问题
I often come across the following common problem when cleaning the data there are some more common categories (let's say top 10 movie genres) and lots and lots of others which are sparse. Usual practice here would be to combine sparse genres into "Other" for example.
Easily done when there are not many sparse categories:
# Join bungalows as they are sparse classes into 1
df.property_type.replace(['Terraced bungalow','Detached bungalow', 'Semi-detached bungalow'], 'Bungalow', inplace=True)

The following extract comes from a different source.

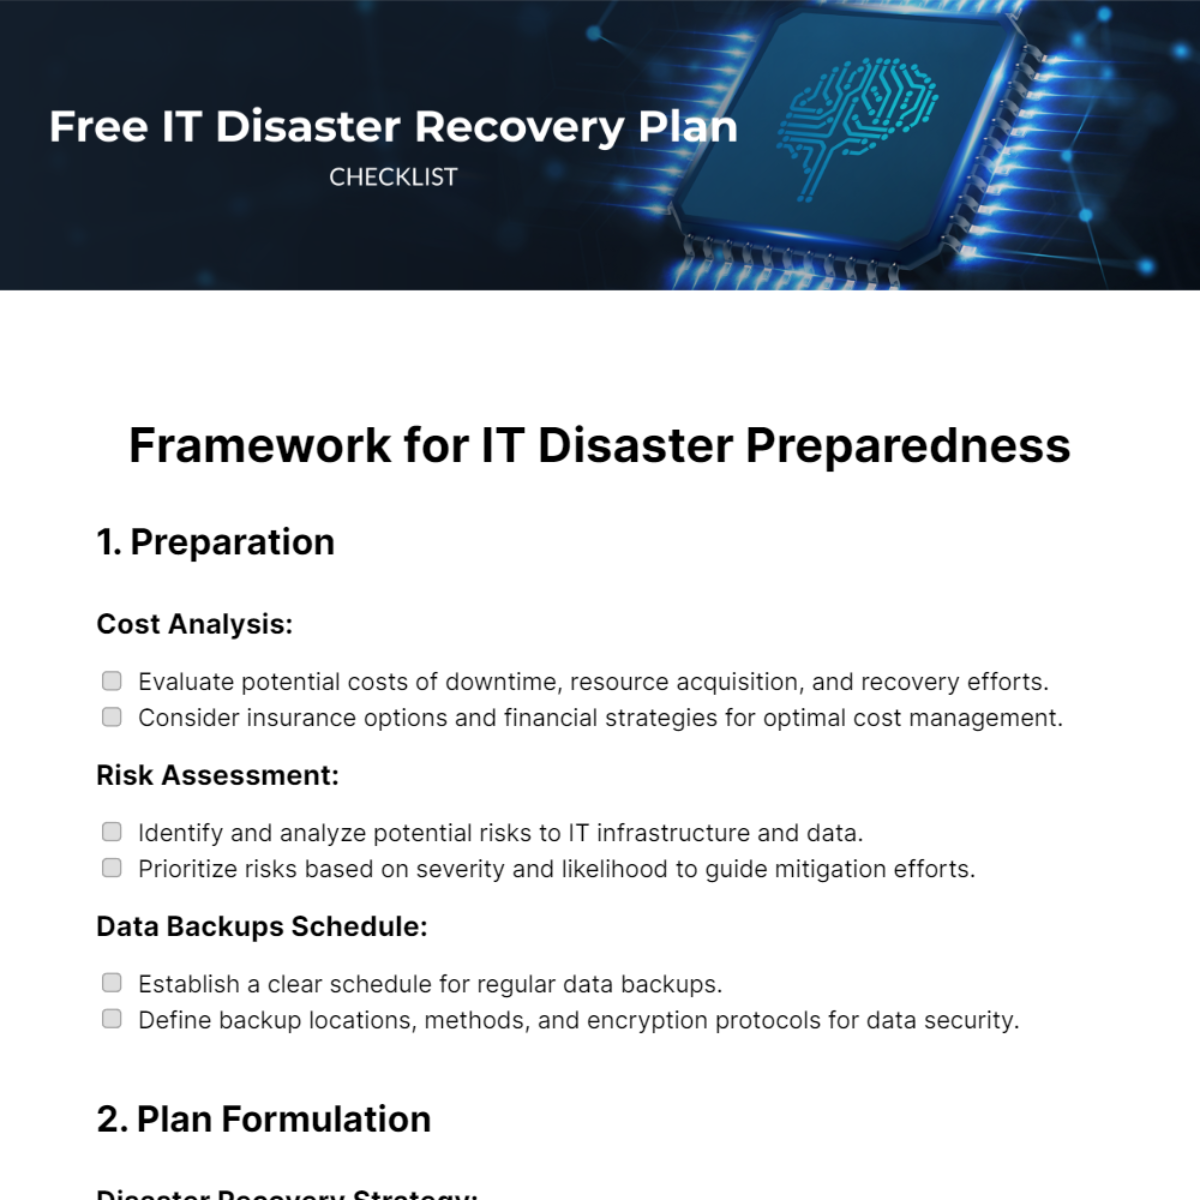 Free IT Disaster Recovery Plan Checklist Template

but if for example I have a movies dataset with majority of the movies produced by let's say 8 big studios and I would like to combine everything else under "other" studio, it makes sense to get top 8 studios:
top_8_list = []
top_8 = df.studio.value_counts().head(8)
for key, value in top_8.iteritems():
top_8_list.append(key)
top_8_list
top_8_list
['Universal Pictures',
'Warner Bros.',
'Paramount Pictures',
'Twentieth Century Fox Film Corporation',
'New Line Cinema',
'Columbia Pictures Corporation',
'Touchstone Pictures',
'Columbia Pictures']
and then do something like
replace studio where studio is not in the top 8 list with "other"

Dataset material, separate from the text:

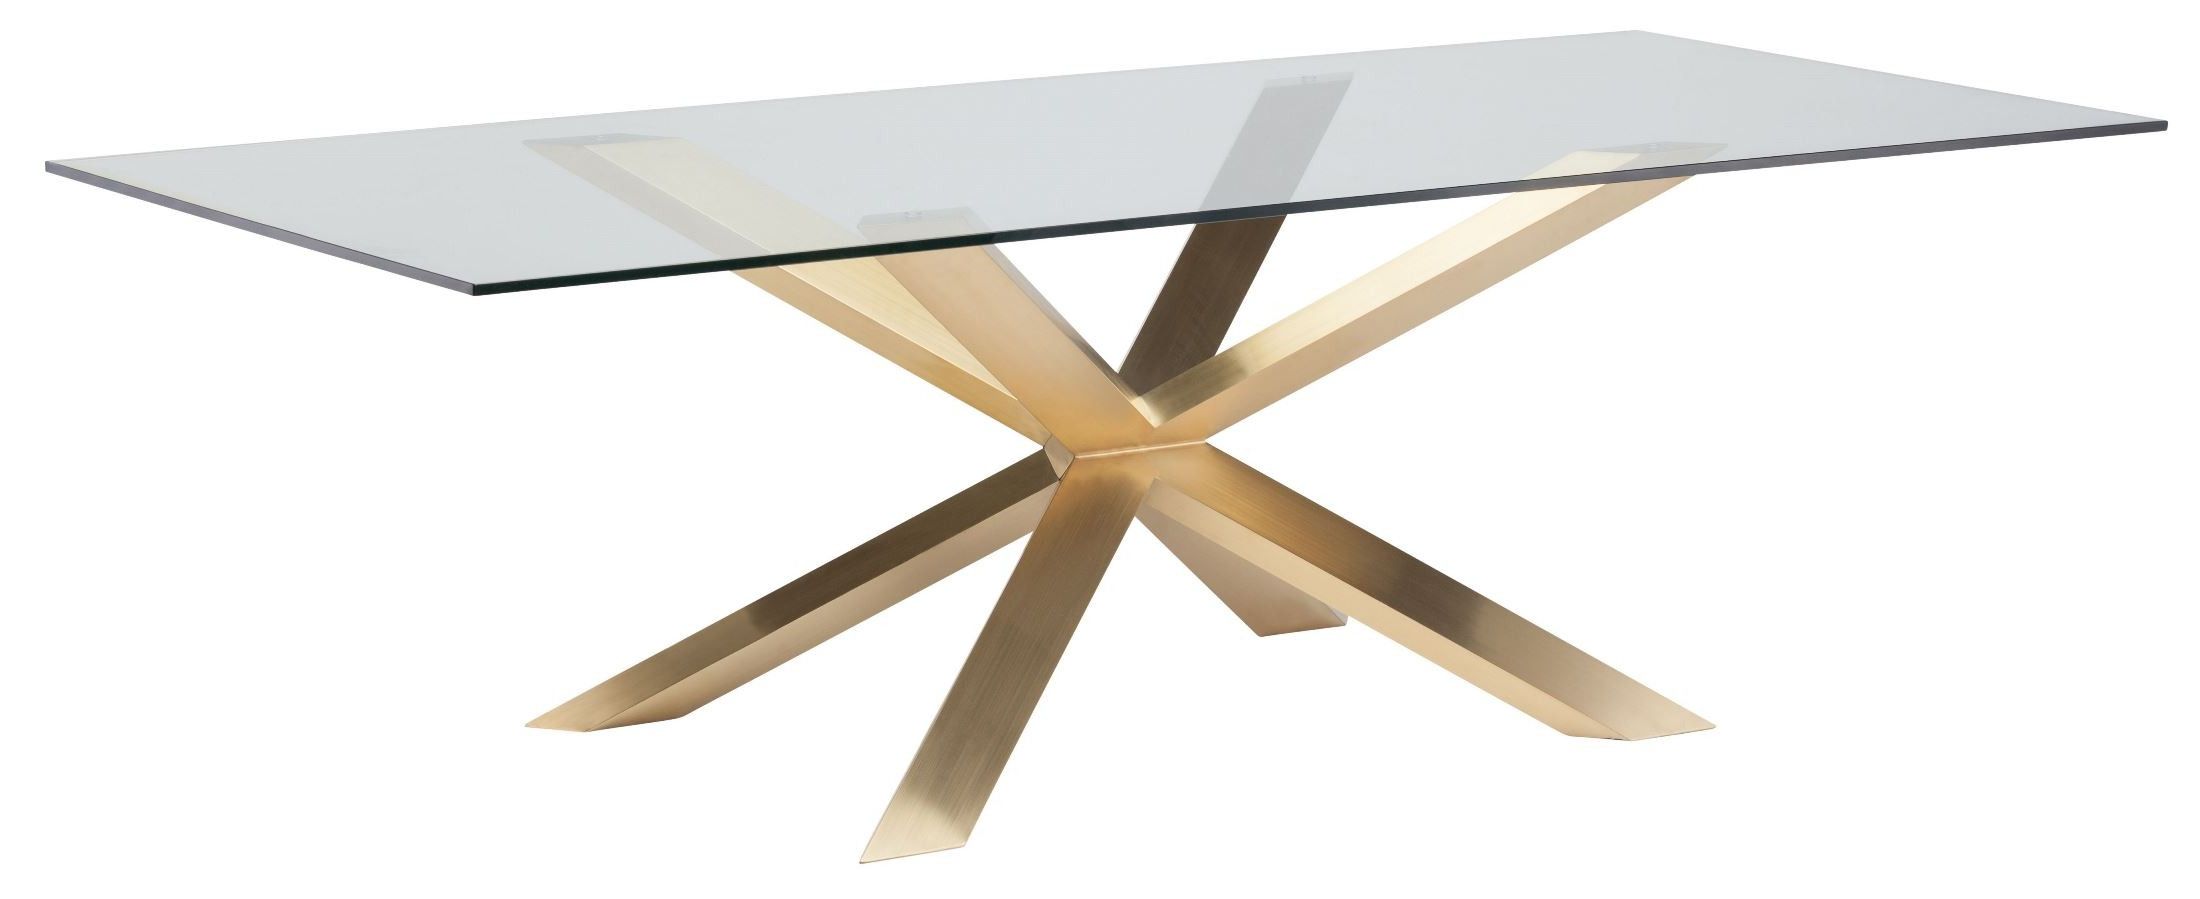 Well Liked Couture 94" Brushed Gold Clear Glass Dining Table From Pertaining To Gold Dining Tables (View 13 of 20)

so the question, if anyone knows any elegant solution in pandas for this? This is very common data cleaning task
回答1:
You could convert the column to type Categorical which has added memory benefits:
top_cats = df.studio.value_counts().head(8).index.tolist() + ['other']
df['studio'] = pd.Categorical(df['studio'], categories=top_cats).fillna('other')
回答2:
You can use pd.DataFrame.loc with Boolean indexing:
df.loc[~df['studio'].isin(top_8_list), 'studio'] = 'Other'
Note there's no need to construct your list of top 8 studios via a manual for loop:
top_8_list = df['studio'].value_counts().index[:8]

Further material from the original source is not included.